TASK DETAILS> Your task is to repeat the records exactly from the line containing "能源查核與節約能源案例手冊-空調系統 的封面圖" onward, through the final line.
┄┄┄┄┄┄┄┄┄┄
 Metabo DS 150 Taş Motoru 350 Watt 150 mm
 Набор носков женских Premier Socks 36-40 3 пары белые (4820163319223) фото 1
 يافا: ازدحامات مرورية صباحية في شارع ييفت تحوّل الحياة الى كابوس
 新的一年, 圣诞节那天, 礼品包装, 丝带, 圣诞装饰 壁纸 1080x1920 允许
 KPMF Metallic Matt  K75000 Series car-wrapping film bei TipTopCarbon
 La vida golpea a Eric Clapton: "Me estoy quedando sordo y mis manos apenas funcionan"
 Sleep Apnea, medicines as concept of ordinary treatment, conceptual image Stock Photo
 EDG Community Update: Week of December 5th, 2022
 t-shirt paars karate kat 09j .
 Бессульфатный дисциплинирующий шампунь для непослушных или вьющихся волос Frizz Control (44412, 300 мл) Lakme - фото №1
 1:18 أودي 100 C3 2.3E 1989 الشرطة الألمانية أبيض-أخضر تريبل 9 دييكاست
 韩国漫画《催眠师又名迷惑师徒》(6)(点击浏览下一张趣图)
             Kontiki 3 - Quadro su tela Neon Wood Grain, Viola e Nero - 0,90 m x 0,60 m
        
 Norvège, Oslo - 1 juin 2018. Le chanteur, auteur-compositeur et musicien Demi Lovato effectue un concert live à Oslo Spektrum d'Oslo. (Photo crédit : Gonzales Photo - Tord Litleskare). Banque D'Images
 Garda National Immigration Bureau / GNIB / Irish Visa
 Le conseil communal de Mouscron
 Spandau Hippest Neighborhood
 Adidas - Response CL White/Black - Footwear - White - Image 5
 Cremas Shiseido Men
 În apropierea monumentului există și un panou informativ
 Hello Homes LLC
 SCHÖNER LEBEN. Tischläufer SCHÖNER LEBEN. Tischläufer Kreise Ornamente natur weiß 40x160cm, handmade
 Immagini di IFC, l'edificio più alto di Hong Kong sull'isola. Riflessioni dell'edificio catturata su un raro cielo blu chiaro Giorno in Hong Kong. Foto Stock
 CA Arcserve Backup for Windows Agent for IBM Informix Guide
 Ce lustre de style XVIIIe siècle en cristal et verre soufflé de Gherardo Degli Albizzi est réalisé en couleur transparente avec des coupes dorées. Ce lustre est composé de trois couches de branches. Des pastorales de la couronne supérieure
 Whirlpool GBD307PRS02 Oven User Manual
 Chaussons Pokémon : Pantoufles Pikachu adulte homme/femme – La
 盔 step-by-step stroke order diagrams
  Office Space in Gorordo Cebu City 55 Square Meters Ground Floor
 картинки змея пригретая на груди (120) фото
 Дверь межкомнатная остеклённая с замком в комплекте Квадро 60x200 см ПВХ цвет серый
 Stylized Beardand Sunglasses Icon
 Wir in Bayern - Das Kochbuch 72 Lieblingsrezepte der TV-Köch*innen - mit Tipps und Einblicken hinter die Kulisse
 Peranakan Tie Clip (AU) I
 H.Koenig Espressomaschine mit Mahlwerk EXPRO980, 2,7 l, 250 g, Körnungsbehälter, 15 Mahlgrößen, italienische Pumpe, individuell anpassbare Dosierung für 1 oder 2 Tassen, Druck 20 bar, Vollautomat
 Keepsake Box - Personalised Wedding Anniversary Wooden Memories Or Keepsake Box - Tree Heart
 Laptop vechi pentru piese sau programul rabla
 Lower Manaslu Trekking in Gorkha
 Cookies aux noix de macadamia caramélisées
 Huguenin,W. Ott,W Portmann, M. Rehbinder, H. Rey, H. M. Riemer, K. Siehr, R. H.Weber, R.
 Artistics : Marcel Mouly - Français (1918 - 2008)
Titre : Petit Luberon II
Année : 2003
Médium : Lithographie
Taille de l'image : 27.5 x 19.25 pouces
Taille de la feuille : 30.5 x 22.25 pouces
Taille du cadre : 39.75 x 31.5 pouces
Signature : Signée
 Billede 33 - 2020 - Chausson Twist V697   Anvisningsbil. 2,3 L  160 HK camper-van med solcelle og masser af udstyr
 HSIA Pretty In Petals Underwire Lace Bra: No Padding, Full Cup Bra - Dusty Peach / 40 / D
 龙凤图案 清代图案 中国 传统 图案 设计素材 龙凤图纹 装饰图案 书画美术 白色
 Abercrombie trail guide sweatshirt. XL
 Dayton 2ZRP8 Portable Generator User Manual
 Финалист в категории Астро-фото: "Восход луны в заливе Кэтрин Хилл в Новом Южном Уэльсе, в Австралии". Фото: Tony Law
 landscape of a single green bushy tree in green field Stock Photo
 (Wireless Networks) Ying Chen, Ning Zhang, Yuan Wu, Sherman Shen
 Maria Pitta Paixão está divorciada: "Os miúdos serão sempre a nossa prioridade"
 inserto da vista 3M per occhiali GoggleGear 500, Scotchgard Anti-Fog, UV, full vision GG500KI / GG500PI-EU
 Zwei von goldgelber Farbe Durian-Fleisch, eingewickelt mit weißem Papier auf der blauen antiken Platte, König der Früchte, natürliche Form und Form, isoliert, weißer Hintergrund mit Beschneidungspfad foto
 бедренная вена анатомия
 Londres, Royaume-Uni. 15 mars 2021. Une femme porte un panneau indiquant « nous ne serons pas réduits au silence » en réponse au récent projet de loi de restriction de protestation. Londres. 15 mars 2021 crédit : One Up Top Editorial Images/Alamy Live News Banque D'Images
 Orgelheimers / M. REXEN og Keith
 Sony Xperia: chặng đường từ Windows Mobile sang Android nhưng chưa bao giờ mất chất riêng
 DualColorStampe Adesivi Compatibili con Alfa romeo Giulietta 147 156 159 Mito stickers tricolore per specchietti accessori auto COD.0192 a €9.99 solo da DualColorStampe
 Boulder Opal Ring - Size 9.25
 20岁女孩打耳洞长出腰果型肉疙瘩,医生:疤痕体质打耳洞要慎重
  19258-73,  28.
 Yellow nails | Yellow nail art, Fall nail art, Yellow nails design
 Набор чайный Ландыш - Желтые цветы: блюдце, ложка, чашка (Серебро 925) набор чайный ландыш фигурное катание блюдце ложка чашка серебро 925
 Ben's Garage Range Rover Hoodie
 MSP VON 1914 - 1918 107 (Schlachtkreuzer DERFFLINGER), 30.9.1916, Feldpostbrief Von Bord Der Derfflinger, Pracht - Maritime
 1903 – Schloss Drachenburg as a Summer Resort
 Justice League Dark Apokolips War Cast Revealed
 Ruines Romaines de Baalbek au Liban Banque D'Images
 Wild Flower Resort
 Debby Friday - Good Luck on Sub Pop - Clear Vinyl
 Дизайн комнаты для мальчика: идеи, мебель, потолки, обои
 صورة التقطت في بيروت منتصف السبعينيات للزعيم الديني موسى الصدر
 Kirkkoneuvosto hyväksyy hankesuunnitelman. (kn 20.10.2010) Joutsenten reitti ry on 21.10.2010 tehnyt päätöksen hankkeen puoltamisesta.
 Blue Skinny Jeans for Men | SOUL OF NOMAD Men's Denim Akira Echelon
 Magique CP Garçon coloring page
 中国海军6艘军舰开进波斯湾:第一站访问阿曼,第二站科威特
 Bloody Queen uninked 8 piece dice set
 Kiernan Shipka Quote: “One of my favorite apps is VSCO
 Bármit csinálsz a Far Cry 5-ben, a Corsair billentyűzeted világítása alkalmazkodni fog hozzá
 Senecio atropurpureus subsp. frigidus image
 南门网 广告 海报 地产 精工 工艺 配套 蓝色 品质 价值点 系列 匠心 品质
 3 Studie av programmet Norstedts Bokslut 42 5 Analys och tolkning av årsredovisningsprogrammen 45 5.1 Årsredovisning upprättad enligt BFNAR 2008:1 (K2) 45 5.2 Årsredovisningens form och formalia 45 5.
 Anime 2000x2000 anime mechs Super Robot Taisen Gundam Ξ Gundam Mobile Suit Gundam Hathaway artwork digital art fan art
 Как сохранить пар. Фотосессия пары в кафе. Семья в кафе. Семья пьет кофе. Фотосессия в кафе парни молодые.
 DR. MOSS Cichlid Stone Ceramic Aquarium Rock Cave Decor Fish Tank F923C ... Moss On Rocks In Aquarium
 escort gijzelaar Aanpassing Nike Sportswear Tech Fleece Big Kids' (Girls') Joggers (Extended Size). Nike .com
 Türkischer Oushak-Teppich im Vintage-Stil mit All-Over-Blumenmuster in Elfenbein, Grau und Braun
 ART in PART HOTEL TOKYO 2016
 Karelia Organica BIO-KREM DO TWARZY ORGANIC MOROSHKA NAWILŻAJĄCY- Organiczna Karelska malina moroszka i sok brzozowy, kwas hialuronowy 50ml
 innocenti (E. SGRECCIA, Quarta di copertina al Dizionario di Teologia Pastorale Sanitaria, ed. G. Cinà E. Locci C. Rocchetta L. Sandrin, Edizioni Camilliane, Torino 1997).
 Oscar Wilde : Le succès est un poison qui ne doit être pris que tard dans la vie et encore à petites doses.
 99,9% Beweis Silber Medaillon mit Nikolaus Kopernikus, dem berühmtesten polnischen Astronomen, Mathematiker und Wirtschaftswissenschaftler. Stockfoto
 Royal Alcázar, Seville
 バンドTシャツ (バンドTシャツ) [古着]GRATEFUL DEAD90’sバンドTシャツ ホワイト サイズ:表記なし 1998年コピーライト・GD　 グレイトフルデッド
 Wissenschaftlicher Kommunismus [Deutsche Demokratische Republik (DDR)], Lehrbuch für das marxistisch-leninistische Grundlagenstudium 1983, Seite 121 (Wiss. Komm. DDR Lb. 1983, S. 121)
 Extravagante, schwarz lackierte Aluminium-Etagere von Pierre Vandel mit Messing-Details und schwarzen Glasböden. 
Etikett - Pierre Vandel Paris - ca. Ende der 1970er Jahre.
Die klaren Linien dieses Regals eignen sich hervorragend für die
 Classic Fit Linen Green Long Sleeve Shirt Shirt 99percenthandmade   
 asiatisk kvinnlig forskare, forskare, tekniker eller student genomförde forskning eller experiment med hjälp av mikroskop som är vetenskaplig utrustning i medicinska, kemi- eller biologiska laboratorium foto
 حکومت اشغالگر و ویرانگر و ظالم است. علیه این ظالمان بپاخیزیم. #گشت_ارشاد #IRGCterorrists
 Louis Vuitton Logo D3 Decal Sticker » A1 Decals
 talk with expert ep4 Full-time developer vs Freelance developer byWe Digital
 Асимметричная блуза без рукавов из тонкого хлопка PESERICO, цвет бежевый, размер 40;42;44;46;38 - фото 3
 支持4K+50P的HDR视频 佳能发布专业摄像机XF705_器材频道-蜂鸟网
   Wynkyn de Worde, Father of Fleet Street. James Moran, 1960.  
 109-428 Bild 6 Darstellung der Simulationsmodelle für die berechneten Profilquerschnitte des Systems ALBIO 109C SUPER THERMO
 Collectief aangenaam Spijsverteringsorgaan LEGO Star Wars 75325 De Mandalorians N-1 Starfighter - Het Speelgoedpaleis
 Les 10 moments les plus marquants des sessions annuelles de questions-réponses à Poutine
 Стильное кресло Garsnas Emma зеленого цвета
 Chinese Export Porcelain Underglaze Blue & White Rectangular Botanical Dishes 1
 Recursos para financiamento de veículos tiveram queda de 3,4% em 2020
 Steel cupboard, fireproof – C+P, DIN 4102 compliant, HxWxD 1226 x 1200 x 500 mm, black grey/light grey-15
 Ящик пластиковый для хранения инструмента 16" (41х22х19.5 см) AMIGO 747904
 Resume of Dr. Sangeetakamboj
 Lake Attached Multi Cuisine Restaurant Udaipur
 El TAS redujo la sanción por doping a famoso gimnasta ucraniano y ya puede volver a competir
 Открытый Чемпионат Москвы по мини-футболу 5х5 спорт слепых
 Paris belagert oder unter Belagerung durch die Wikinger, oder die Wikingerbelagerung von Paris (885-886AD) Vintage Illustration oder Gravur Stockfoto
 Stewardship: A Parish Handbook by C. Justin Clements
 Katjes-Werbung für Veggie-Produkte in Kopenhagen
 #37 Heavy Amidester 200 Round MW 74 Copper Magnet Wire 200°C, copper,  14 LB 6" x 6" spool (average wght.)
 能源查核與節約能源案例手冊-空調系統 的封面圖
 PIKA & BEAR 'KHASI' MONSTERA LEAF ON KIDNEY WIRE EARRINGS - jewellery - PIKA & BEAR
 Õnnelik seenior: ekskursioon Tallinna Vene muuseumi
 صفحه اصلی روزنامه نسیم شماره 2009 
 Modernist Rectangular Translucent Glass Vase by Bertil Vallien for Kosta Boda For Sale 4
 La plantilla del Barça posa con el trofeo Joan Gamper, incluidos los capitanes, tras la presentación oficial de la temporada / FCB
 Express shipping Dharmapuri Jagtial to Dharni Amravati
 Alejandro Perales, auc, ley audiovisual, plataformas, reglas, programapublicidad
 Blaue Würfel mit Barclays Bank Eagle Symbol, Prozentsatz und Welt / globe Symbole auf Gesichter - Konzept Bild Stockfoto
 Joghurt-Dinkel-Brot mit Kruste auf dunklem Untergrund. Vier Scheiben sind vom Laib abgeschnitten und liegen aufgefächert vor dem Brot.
┄┄┄┄┄┄┄┄┄┄
PROBLEM SOLUTION>
 能源查核與節約能源案例手冊-空調系統 的封面圖
 PIKA & BEAR 'KHASI' MONSTERA LEAF ON KIDNEY WIRE EARRINGS - jewellery - PIKA & BEAR
 Õnnelik seenior: ekskursioon Tallinna Vene muuseumi
 صفحه اصلی روزنامه نسیم شماره 2009 
 Modernist Rectangular Translucent Glass Vase by Bertil Vallien for Kosta Boda For Sale 4
 La plantilla del Barça posa con el trofeo Joan Gamper, incluidos los capitanes, tras la presentación oficial de la temporada / FCB
 Express shipping Dharmapuri Jagtial to Dharni Amravati
 Alejandro Perales, auc, ley audiovisual, plataformas, reglas, programapublicidad
 Blaue Würfel mit Barclays Bank Eagle Symbol, Prozentsatz und Welt / globe Symbole auf Gesichter - Konzept Bild Stockfoto
 Joghurt-Dinkel-Brot mit Kruste auf dunklem Untergrund. Vier Scheiben sind vom Laib abgeschnitten und liegen aufgefächert vor dem Brot.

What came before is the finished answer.